Bridal make-up and hairdressing salons are booming businesses in Iran. A bridal party made up of the bride, her mother and sisters, and possibly one or two aunts will spend the whole day of the wedding until the evening at the hairdresser’s salon getting prepared for the reception. The cost of a bridal make-up and hairdo ranges from about $400 (or £250) for the bride only (equivalent to a teacher’s monthly salary), depending on the hairdresser’s location. The total bill for the bridal party make-up is paid for by the groom.

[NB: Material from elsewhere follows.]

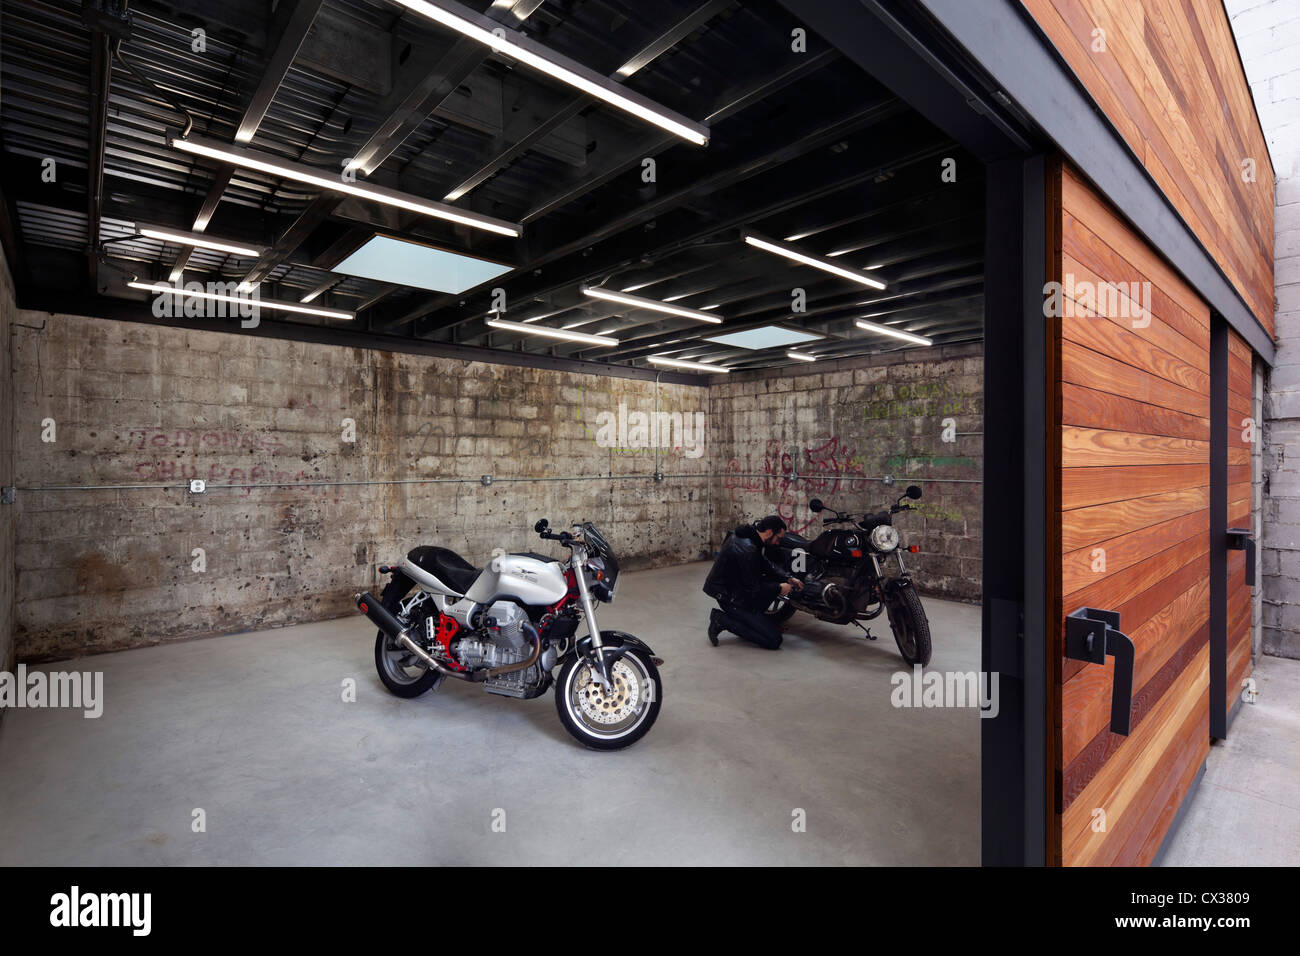 Bushwick Motorrad Garage und Garten, Brooklyn, USA. Architekt

Make-up fashion shows the influence of neighboring Arab countries, such as Khâliji (Gulf-style) and Loobnâni (Lebanese). Other current make-up fashion items are temporary tattoos on bare arms, the neck, and cheeks, make-up that looks like a tan, hair extensions, and color contact lenses. When the bride is dressed and made up in the beauty salon, she wears a specially made white chador or long cape and hood to cover her gown and make-up for the ride to the reception hall. The groom picks up the bride from the beauty salon in a flower-decorated car in which, if she is not particularly bothered about the hijab rules, she may take the white chador off. Brides that observe the hijab rules closely may also cover their faces because of the heavy make-up, probably the only instance of face-covering in mainstream Iranian culture. Covering the face is extremely unusual in Iran and is likely to attract curious stares.